Penderry (Penderi) is a community and an electoral ward in the City and County of Swansea, Wales. Penderry does not have a community council.

Penderry is bordered by the wards of Mynydd-Bach to the east; Cockett and Cwmbwrla to the south; and Kingsbridge, Penllergaer and Llangyfelach to the north.

For the purposes of local council elections, the ward is divided up into a number of polling districts, which are: Blaen-y-Maes, Caereithin, Mynydd Cadle, Penlan West, Penlan East and Clwyd.

Penderry returns three councillors to the local council. The current councillors representing Penderry are: June Burtonshaw (Labour), Doreen Jones (Labour) and Grenville Phillips (Labour).

The electoral ward consists of some or all of the following geographical areas: Penlan, Portmead, Blaen-y-Maes, Fforesthall, Caereithin and Tre-boeth, in the parliamentary constituency of Swansea East. The ward consists of mainly suburban residential areas.

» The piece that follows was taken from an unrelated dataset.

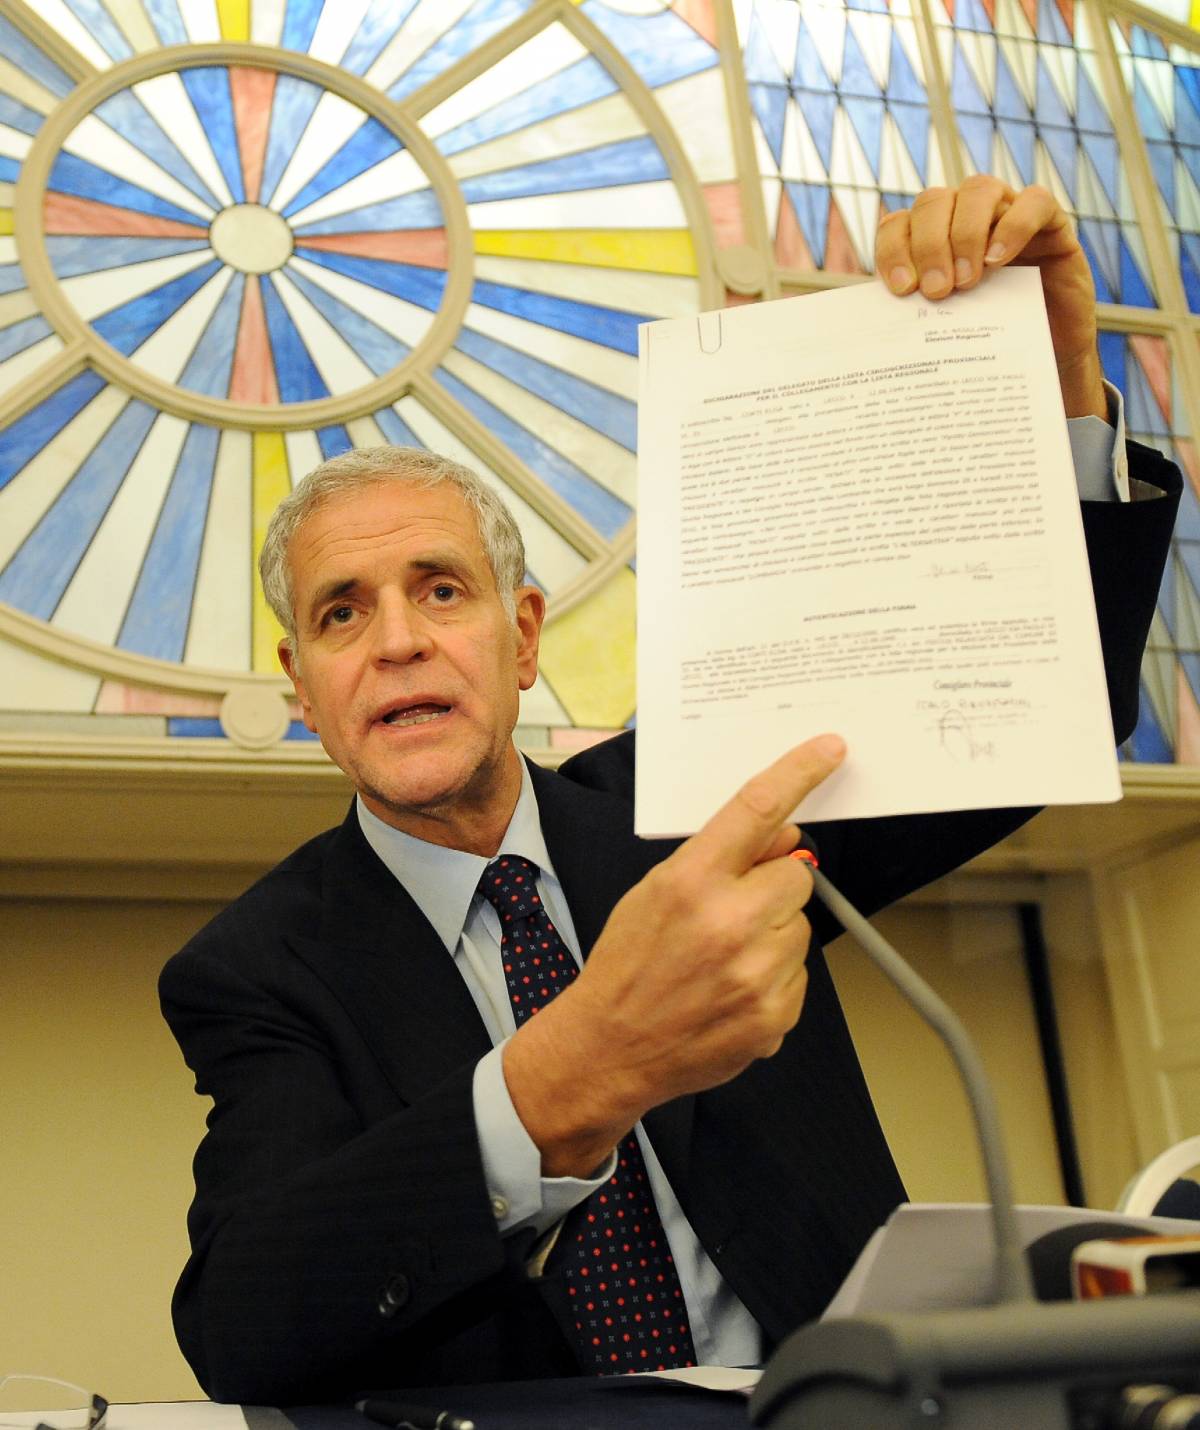 Liste, in Lombardia controlli a senso unico 
Accettate 824 firme del Pd irregolari

==2012 local council elections==
The turnout for the 2012 local council elections in Penderry was 22.23%. The results were:

| Candidate | Party | Votes | Status |
|---|---|---|---|
| Terry Hennegan | Labour | 1216 | Labour hold |
| June Elizabeth Burtonshaw | Labour | 1182 | Labour hold |
| Hazel Mary Morris | Labour | 1092 | Labour hold |
| James Anthony Young | Green Party | 470 |  |

==Districts==

===Penlan===
Penlan is the largest area in the centre of the ward.

===Blaen-y-Maes===
Blaen-y-Maes is an area to the west of the ward.

=== Treboeth & Mynydd-bach ===
A small section of Treboeth and Mynydd-Bach falls towards the North the Penderry Electoral Ward.

The split for Mynydd-Bach is on Heol Ddu from the junction of Clos Ddu which continues to split along neighbouring Roger Street in Treboeth along the junction with Crwys Terrace.